··· THE DATA

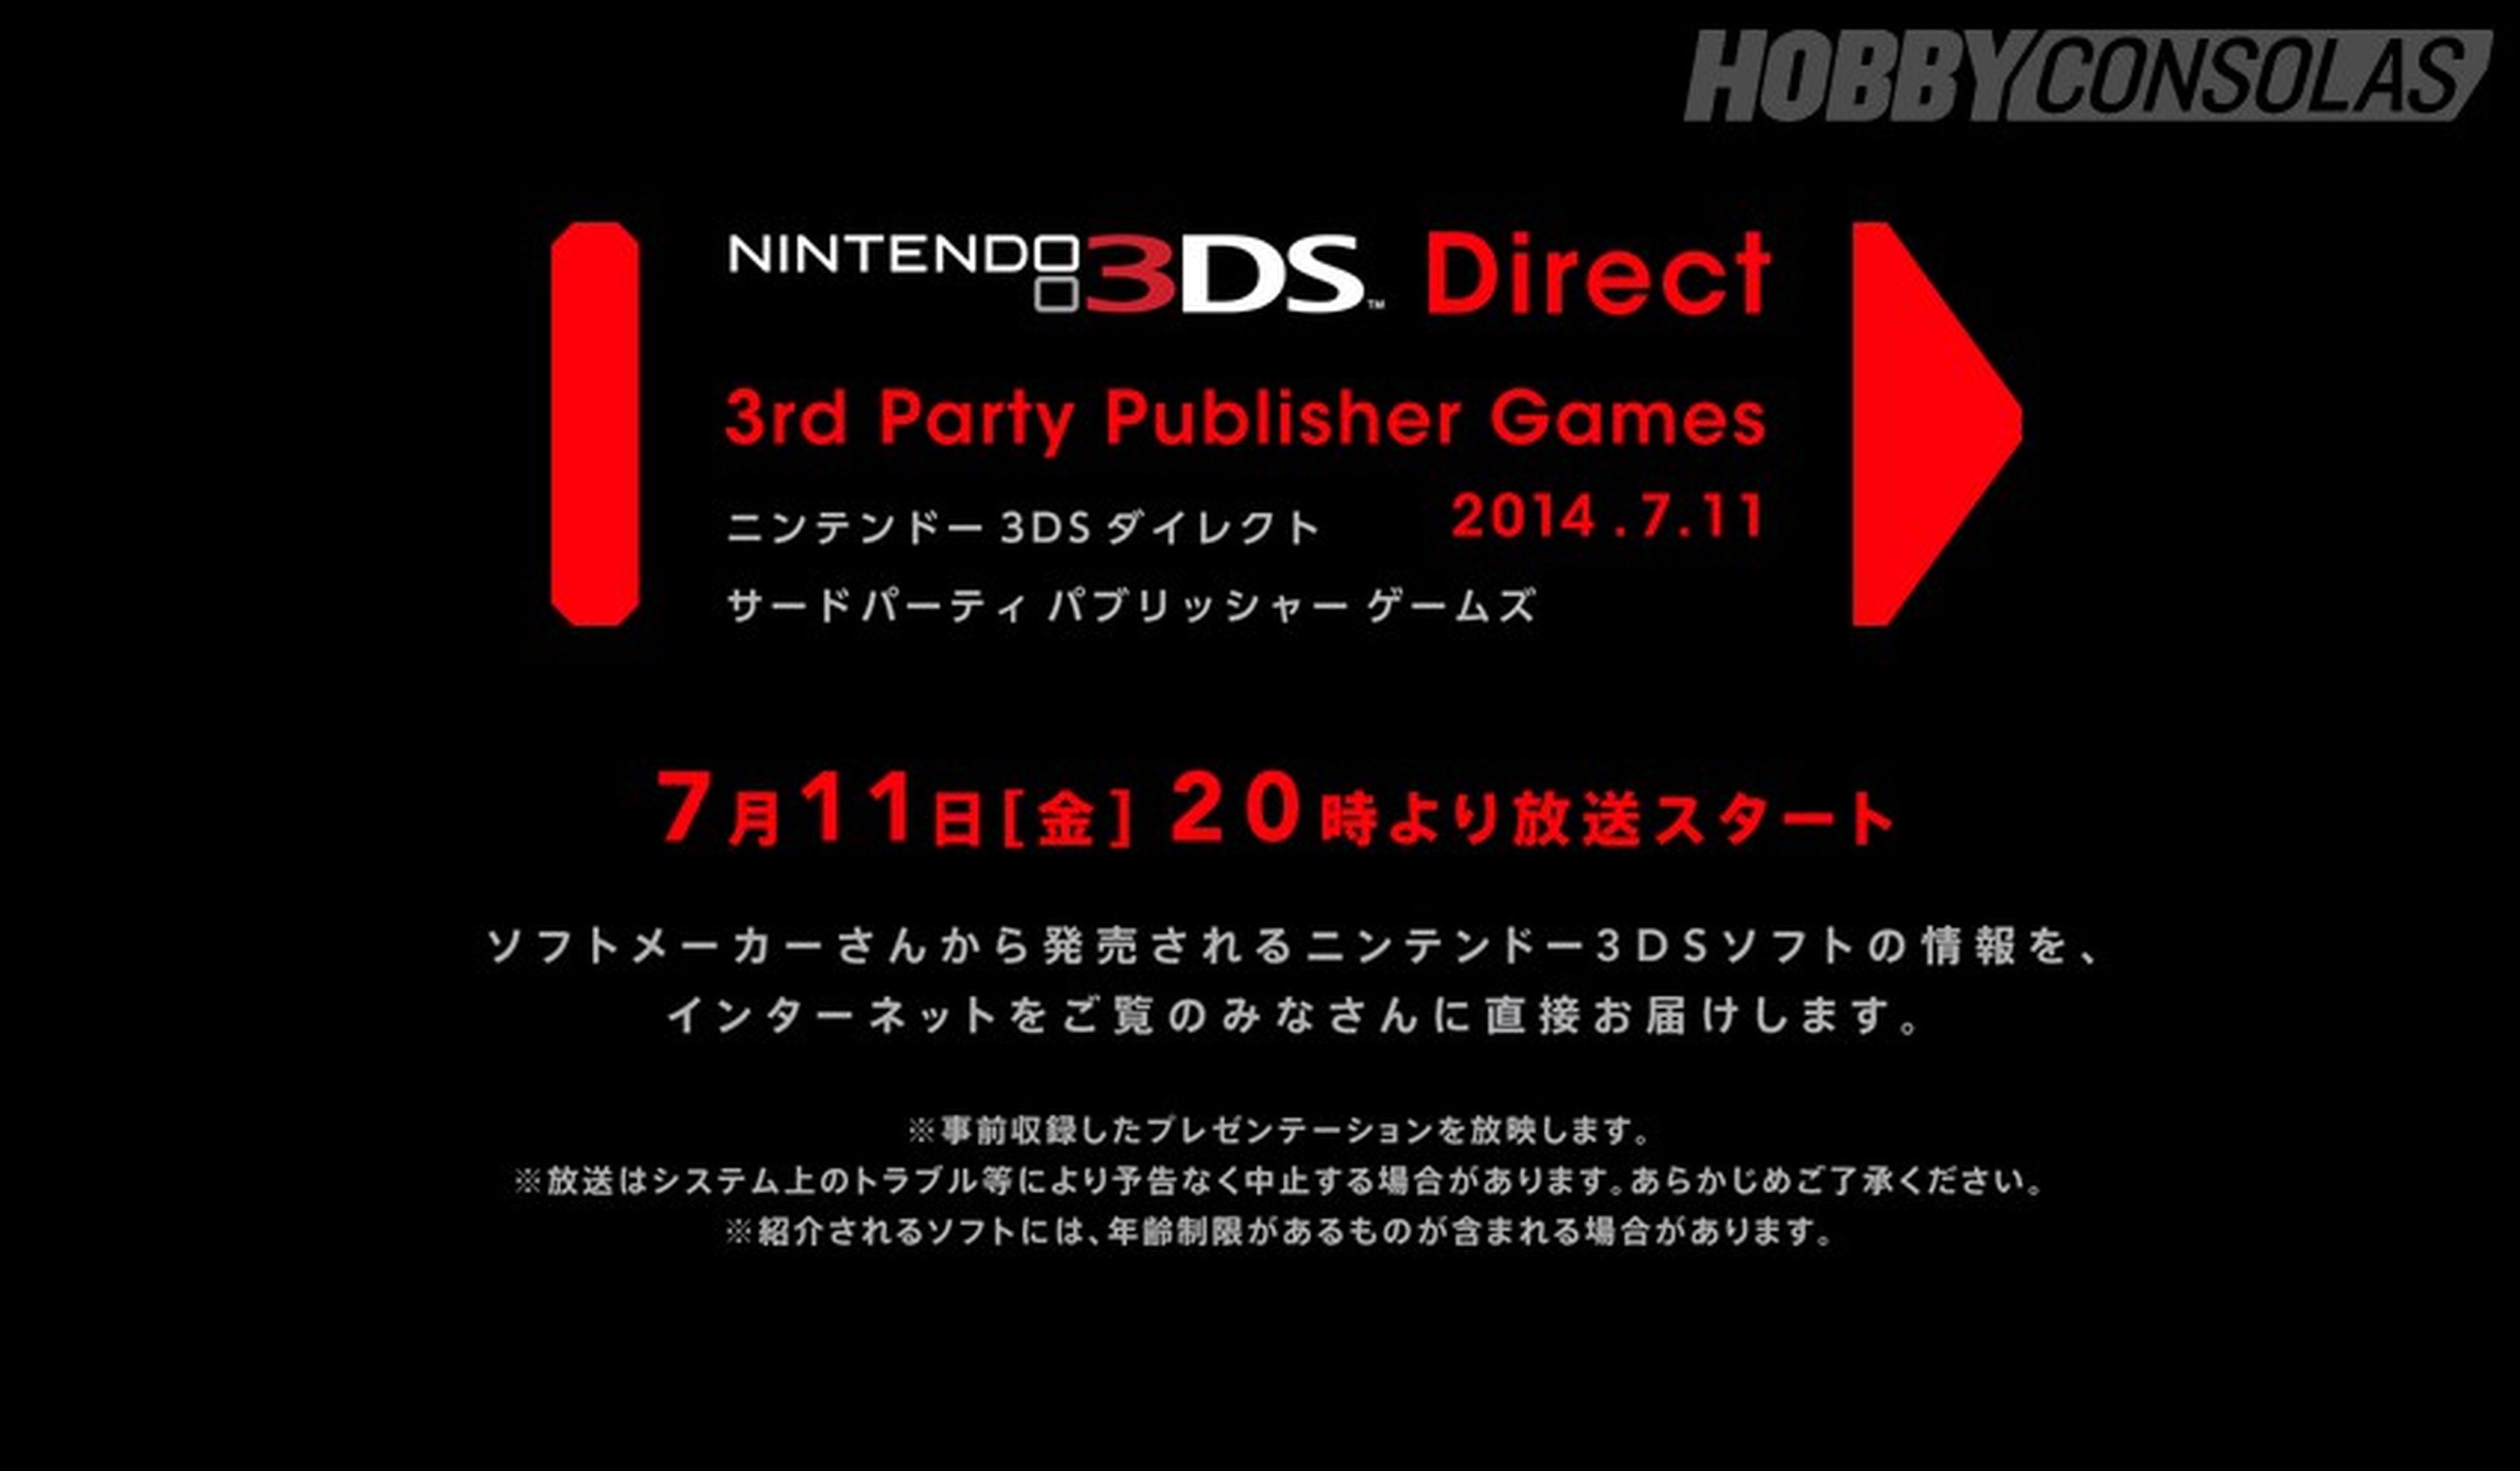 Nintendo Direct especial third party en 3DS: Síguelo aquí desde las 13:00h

······
··· THE DATA

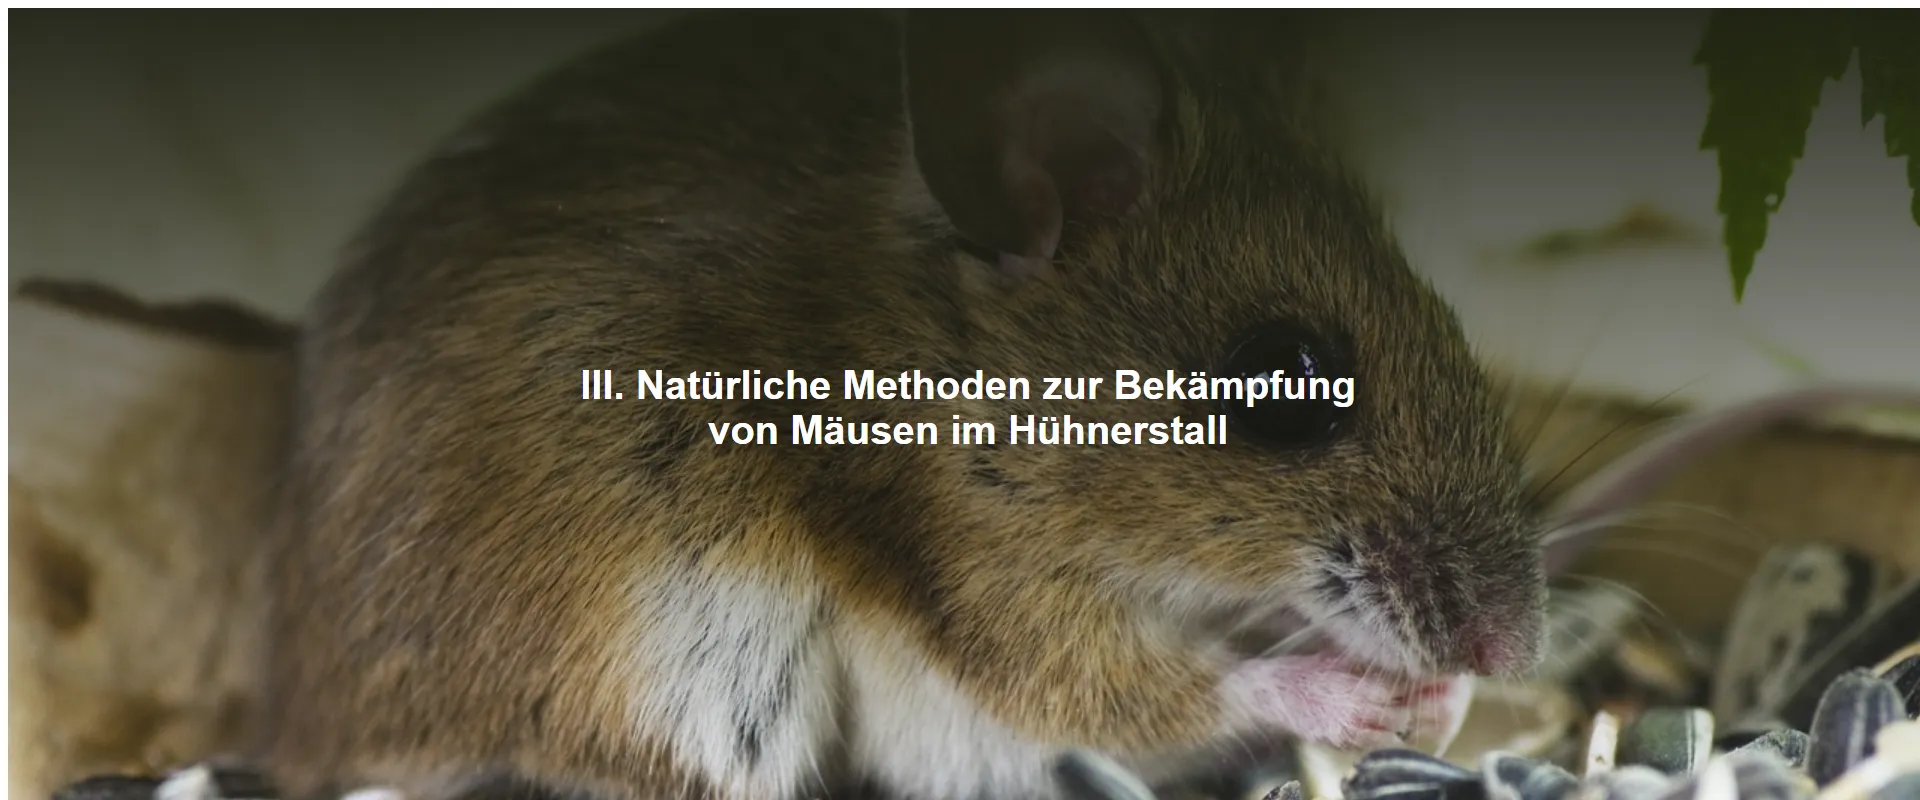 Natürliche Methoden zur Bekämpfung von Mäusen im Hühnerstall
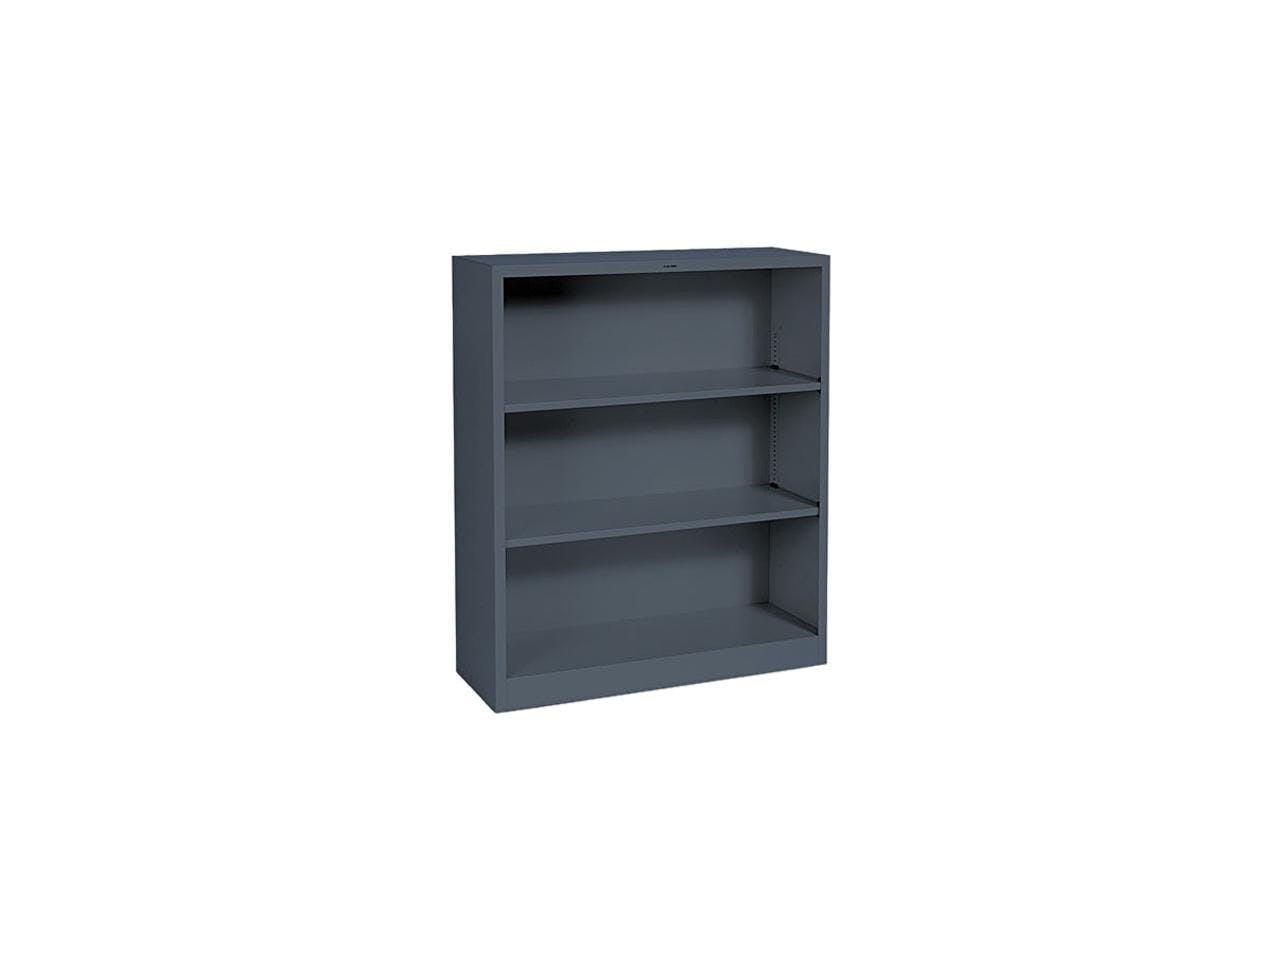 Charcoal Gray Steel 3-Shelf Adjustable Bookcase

······
··· THE DATA

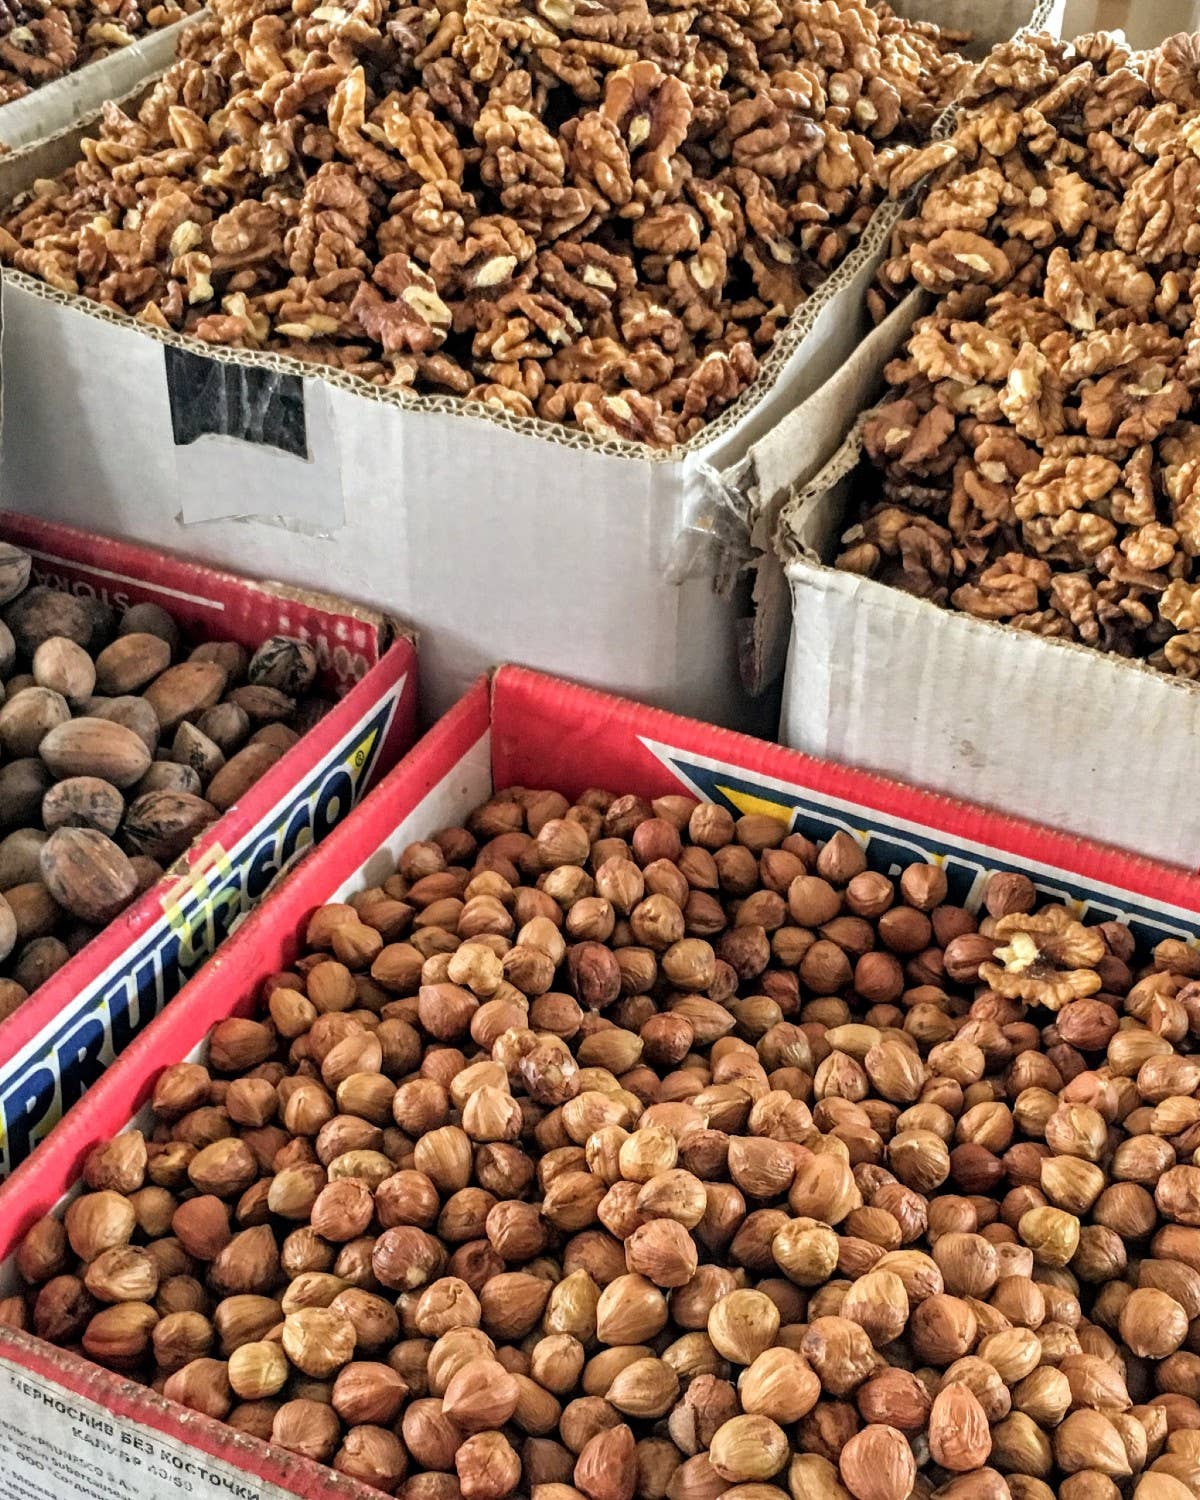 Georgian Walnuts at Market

······

*WHAT THE EXERCISE ASKS:* Would you please repeat only the lines above, beginning at the one that has "Natürliche Methoden zur" and stopping after the one that has "Charcoal Gray Steel", exactly and with no pictures?

*YOUR RESPONSE:*
 Natürliche Methoden zur Bekämpfung von Mäusen im Hühnerstall
 Charcoal Gray Steel 3-Shelf Adjustable Bookcase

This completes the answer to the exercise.